Adoptée par le Conseil fédéral d’Europe Écologie Les Verts des 27 et 28 mars 2021

Exposé des motifs

Quatre espèces de grands prédateurs

Depuis 1992 et le retour du loup gris (Canis lupus) dans les Alpes françaises (Mercantour), sa progression constante par sa dispersion sur le territoire français – près de 100 zones de présences permanentes, soit une population estimée à 580 individus en 2020 – s’est accompagnée de situations conflictuelles avec une partie du monde paysan dues à la pression de prédation que le loup exerce sur l’agropastoralisme présent dans ces mêmes territoires.

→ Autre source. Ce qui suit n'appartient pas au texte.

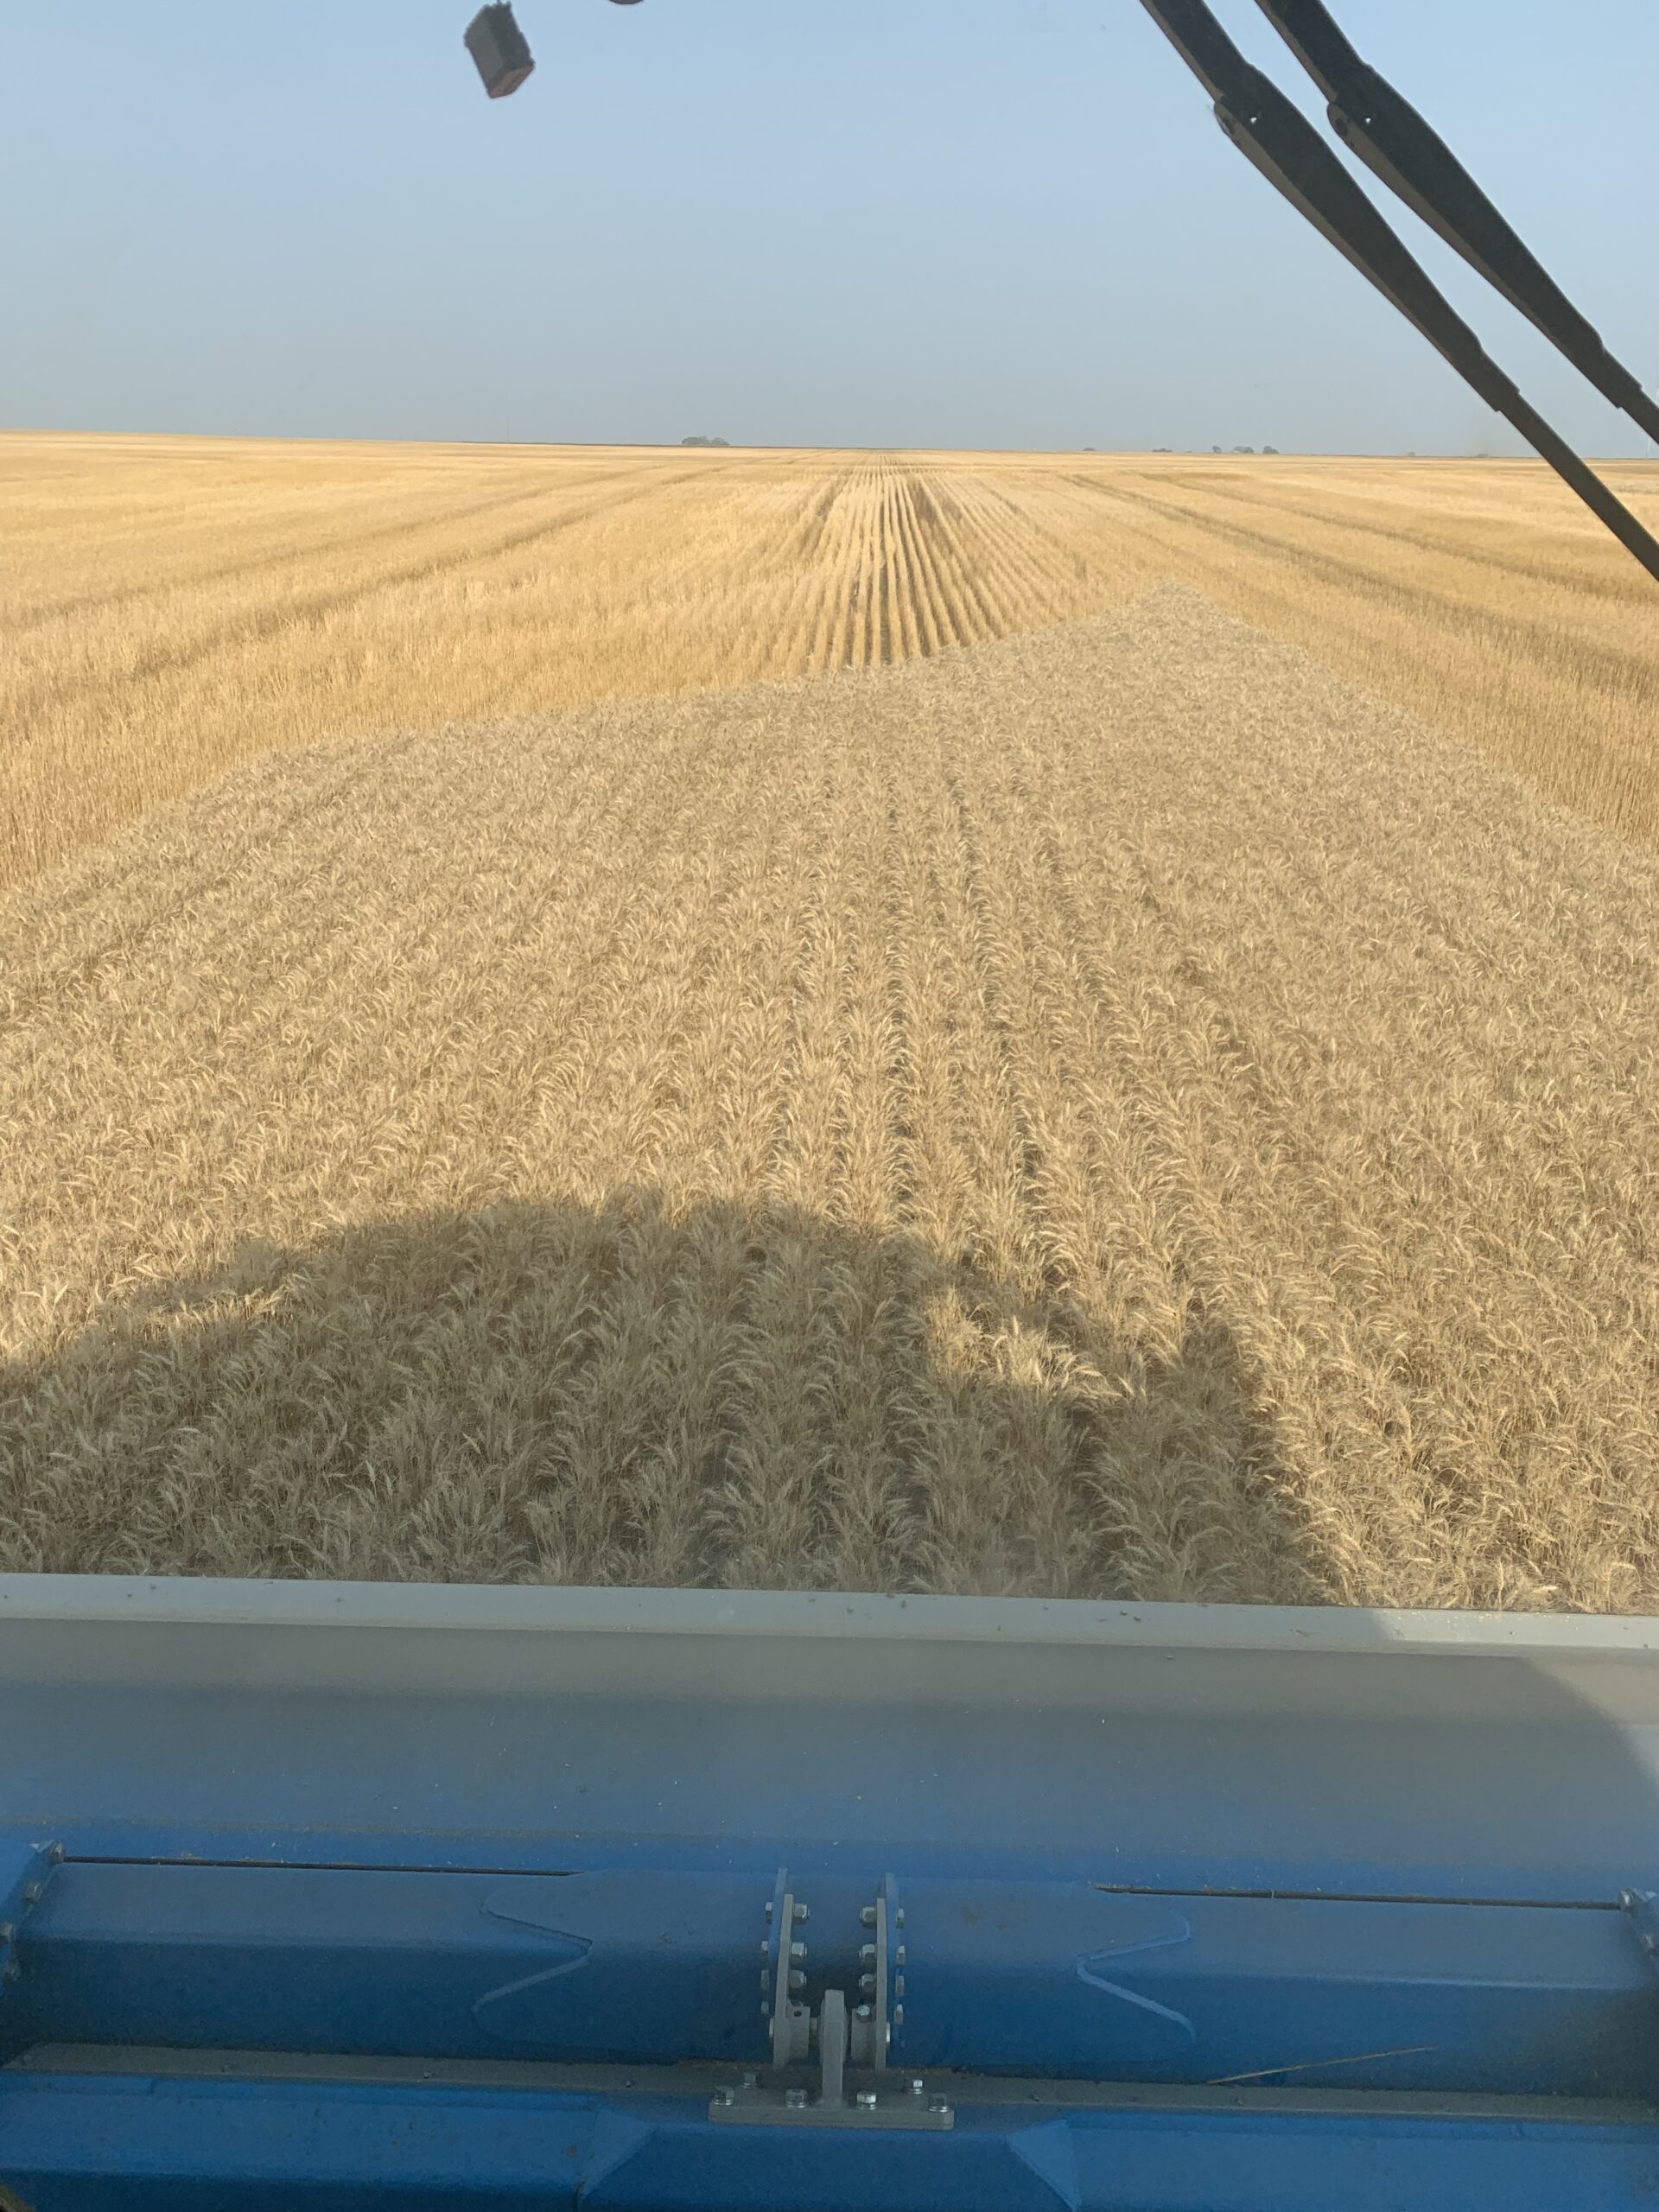 Cronin Farms uses stripper combine heads to harvest wheat in order to leave behind useful stubble which will protect the soil, aid moisture retention, and build soil organic matter. Courtesy photo.

Parallèlement, les programmes de renforcement de la population d’ours brun (Ursus arctos) dans les Pyrénées ont permis de recenser 52 ours, après un seuil historiquement bas de 5 individus en 1995. Les interactions avec une partie du monde agropastoral sont aussi très tendues.

Le Lynx (Lynx lynx) a une population estimée à environ 150 individus comptabilisés essentiellement dans le Jura. Il est aussi présent dans les Vosges et certains secteurs des Alpes du Nord. Sa présence a pu générer, de façon exceptionnelle, des actes de prédations sur les troupeaux, dans l’usage de territoires communs.

Le chacal doré (Canis aureus), dont la présence est connue depuis 2013 en France, présente un régime alimentaire proche de celui du renard (Vulpes vulpes) et son installation pourrait générer des actes de prédation sur des animaux domestiques dont les volailles et les agneaux.

Malgré les difficultés de cohabitation, ces quatre grands prédateurs, chacal doré, loup gris, lynx et ours brun, ont toute légitimité à vivre dans le territoire national métropolitain.

Des pratiques agropastorales fragilisées

EÉLV défend l’agriculture paysanne et dans ce cadre un agropastoralisme répondant aux principes agro-écologiques.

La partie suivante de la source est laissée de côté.